Monday 20 January 2020

Support is music to teens' ears at Aware concert

Allison Bray

HUNDREDS of teenagers spent Good Friday listening to live music from chart-topping bands as they gathered at a castle to learn about teenage suicide and depression.

More than 700 teens flocked to the Charleville Castle in Tullamore, Co Offaly, yesterday for the second annual Teen Aware concert.

What began as a transition year project at the local Sacred Heart secondary school last year has developed into a fully fledged music festival and an opportunity for support organisations to directly connect with teenagers.

Co-founder and student Joanne Byrne (17) said she and her fellow students staged the event to create awareness of teen suicide in Co Offaly, which has one of the highest teenage suicide rates in the country.

"But we wanted to do it in a way that would appeal to young people and music seemed like a good medium," she said.

Among the performers last night was 'The Voice' judge and singer Bressie, singer-songwriter Mundy and soul band The Original Rude Boys.

Along with the entertainers and staff, volunteers from organisations such as The Samaritans, the Suicide Prevention Service and Mental Health Ireland were also on hand to encourage teenagers to reach out if they were feeling anxious, depressed or suicidal.
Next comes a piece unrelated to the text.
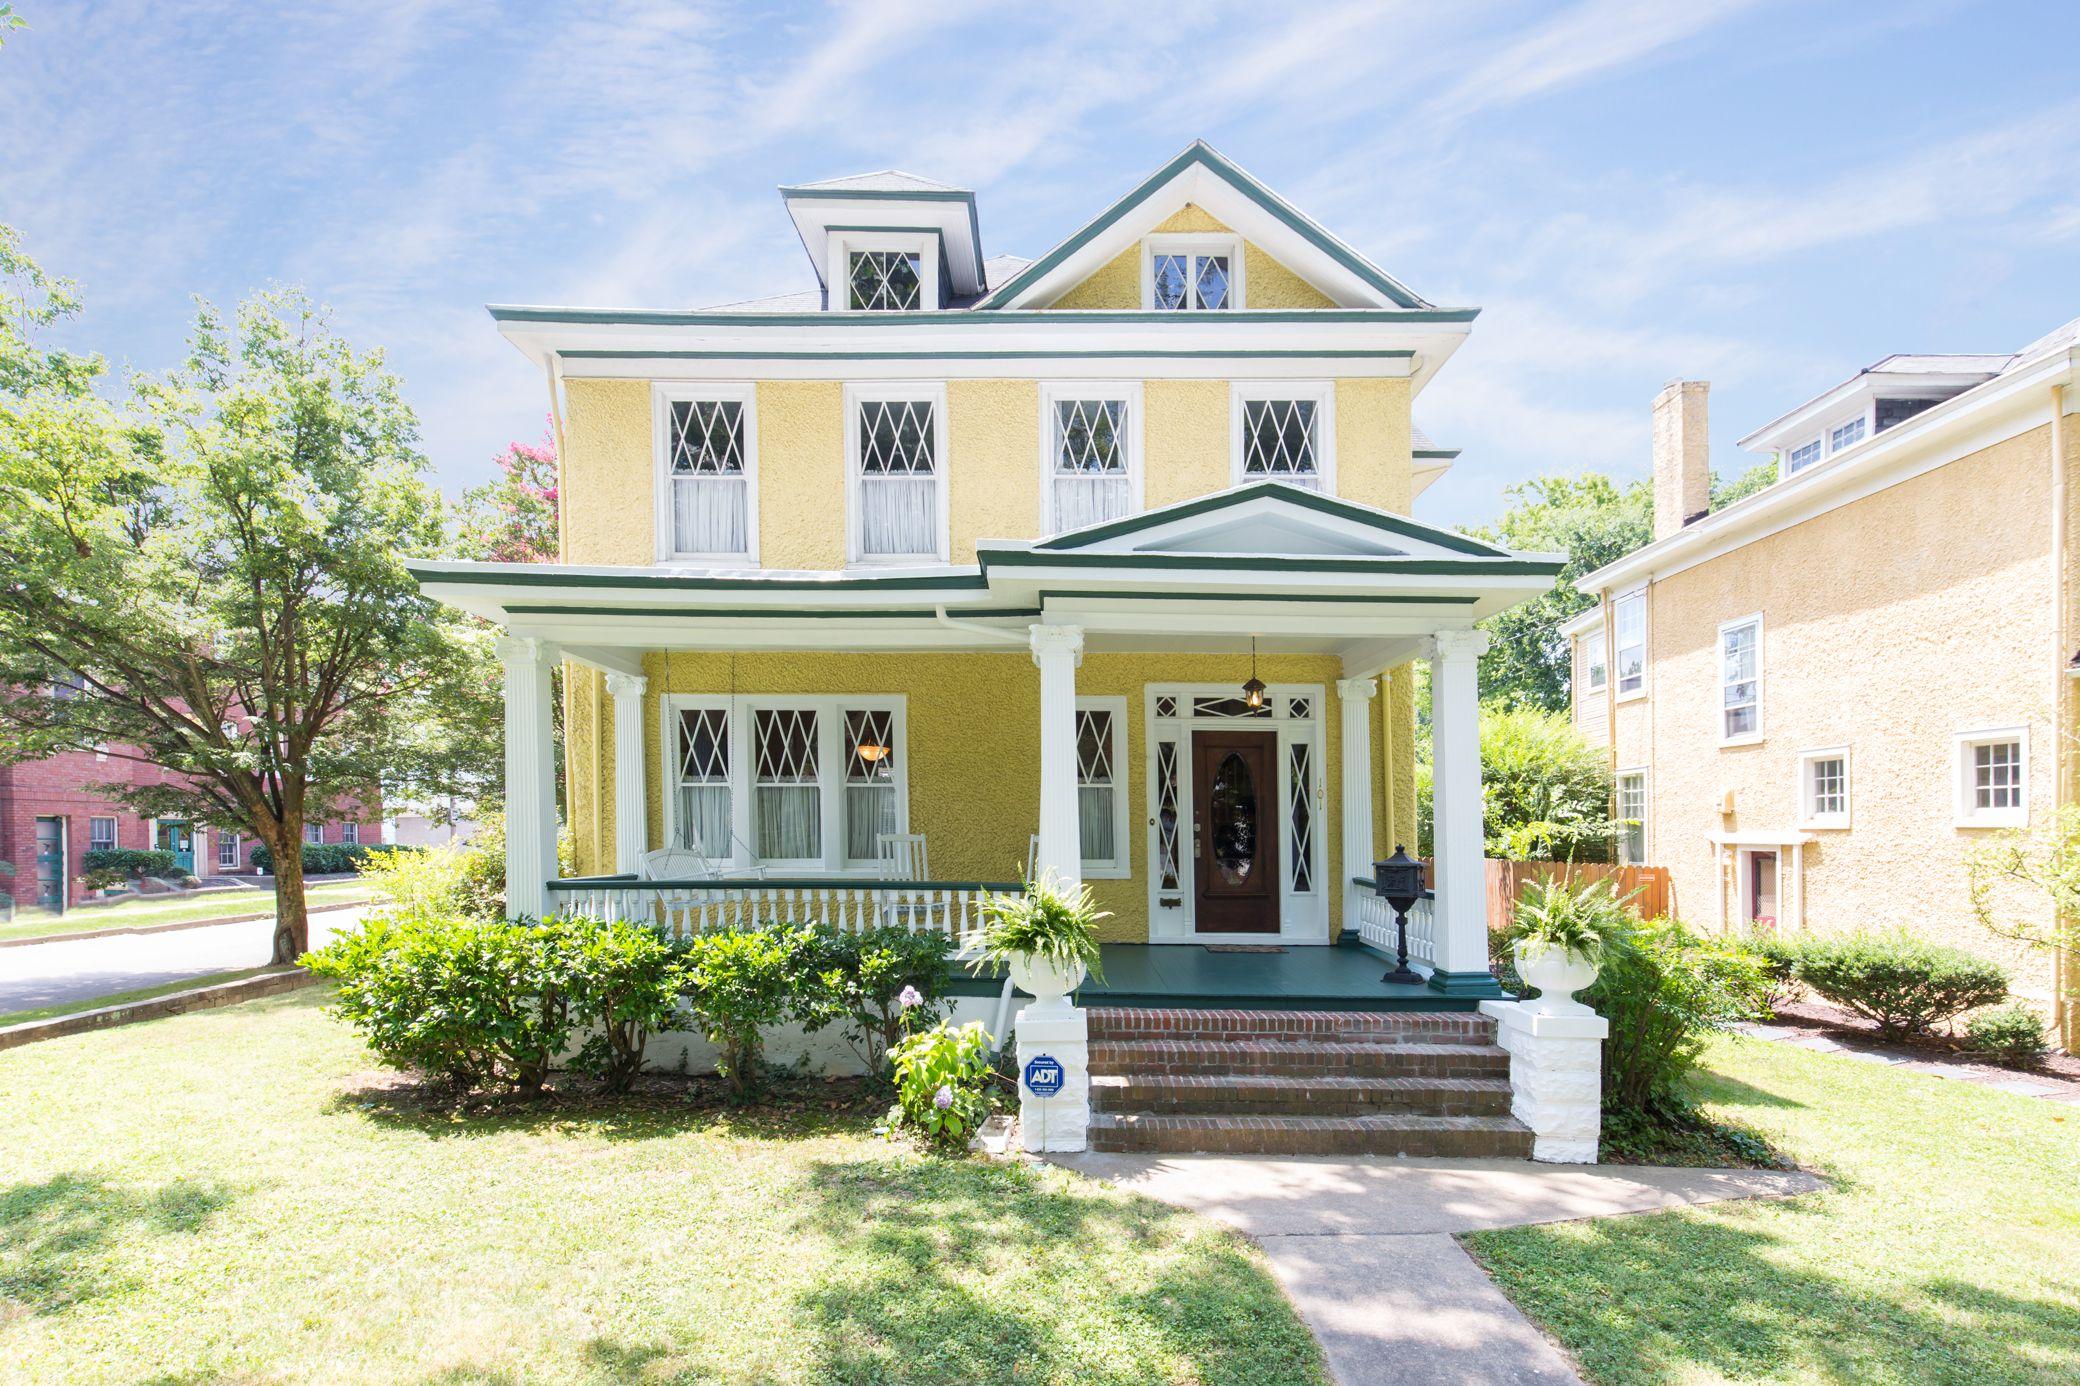 0dbcf7bcaba3db26760d30abf63dc8de - Better Homes And Gardens Real Estate Richmond

A 17-year-old girl, who did not want to be named, said a close friend had gone through a rough patch last year, and she found support at the event that may have saved her life.


"Last year my friend went through a very tough time and we were very concerned for her. At Teen Aware we were able to go to one of the tents and start up a conversation with some of the people from the Samaritans," she said.

"The information they gave us was very helpful and we were able to steer our friend in the direction of help.

"She was in a bad place and it is amazing to know that you are not alone and that there is support," she said.

The Road Safety Authority was also there to highlight the dangers of speeding and not wearing a seatbelt, using a roll-over simulator.

"It was very scary. You could feel the blood rushing to your head. I would definitely always wear my seat belt after that," said Aisling Geoghegan (16).